Overview of the Claims Process
Every insurance claim follows a similar journey, regardless of the type of insurance. Understanding this process helps you navigate it efficiently and avoid costly mistakes.
- Incident occurs — An accident, theft, storm damage, or other covered event happens.
- Immediate action — Ensure safety first. Prevent further damage where possible (this is actually a policy requirement called the “duty to mitigate”).
- Notify your insurer — Report the incident within the timeframe specified in your policy (usually 24–72 hours). Late notification can result in your claim being denied.
- Claim registration — The insurer assigns a claim number and a claims handler to your case.

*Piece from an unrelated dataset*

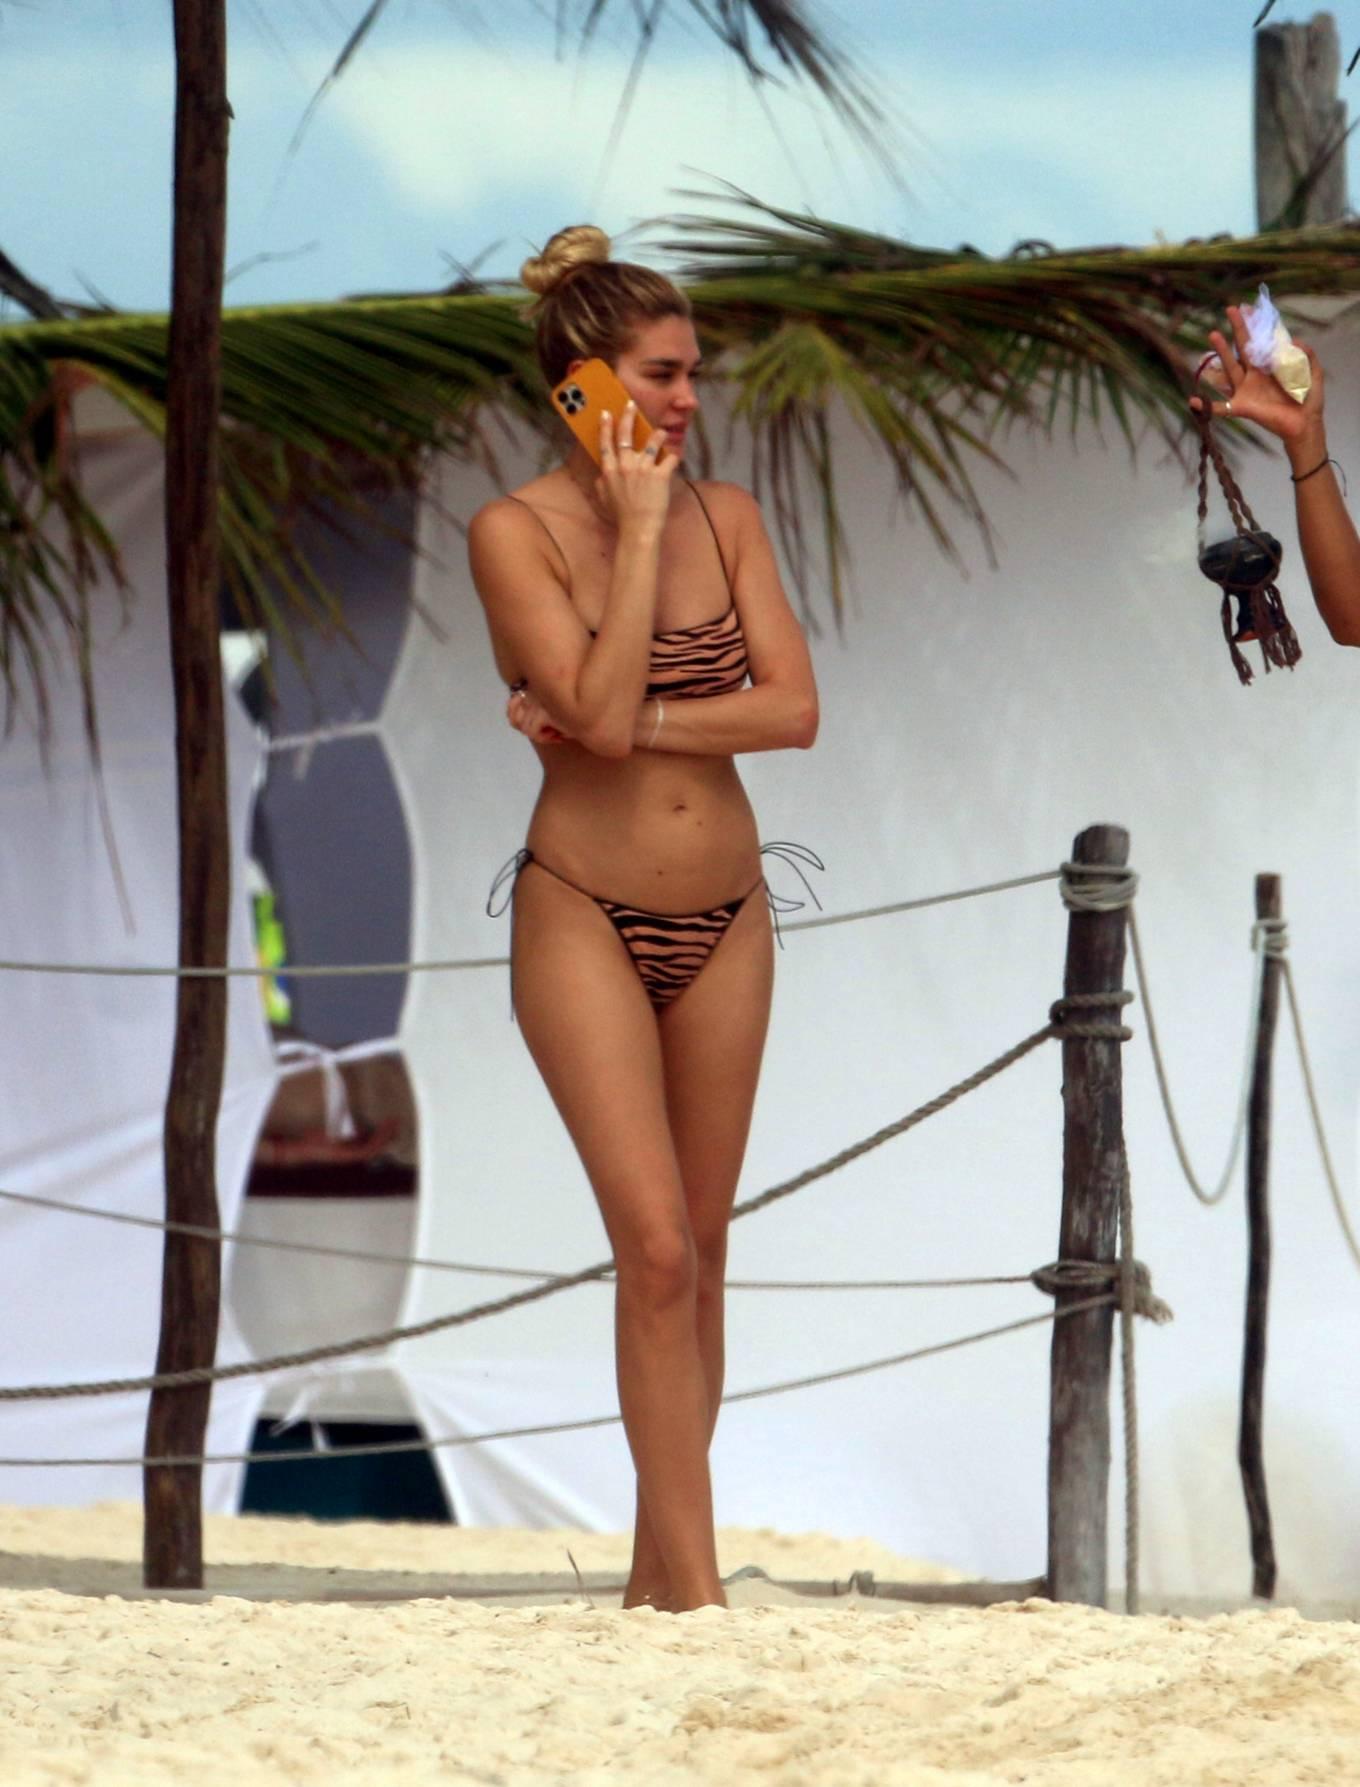 Shayna Taylor - In a tiger print bikini at a beach in Tulum

- Documentation — You provide evidence: photos, receipts, police reports, medical records, repair quotes.
- Assessment — A loss adjuster may visit to inspect the damage and verify your claim.
- Decision — The insurer approves, partially approves, or denies your claim.
- Settlement — If approved, payment is made to you or directly to the repairer/service provider.
The Role of Loss Adjusters
A loss adjuster is an independent professional appointed by the insurer to investigate and assess your claim. They will:
- Visit the site to inspect damage
- Review your policy to confirm coverage
- Assess the value of the loss
- Write a report recommending a settlement amount
Remember: the loss adjuster works for the insurer, not for you. Be cooperative and honest, but also ensure your interests are represented.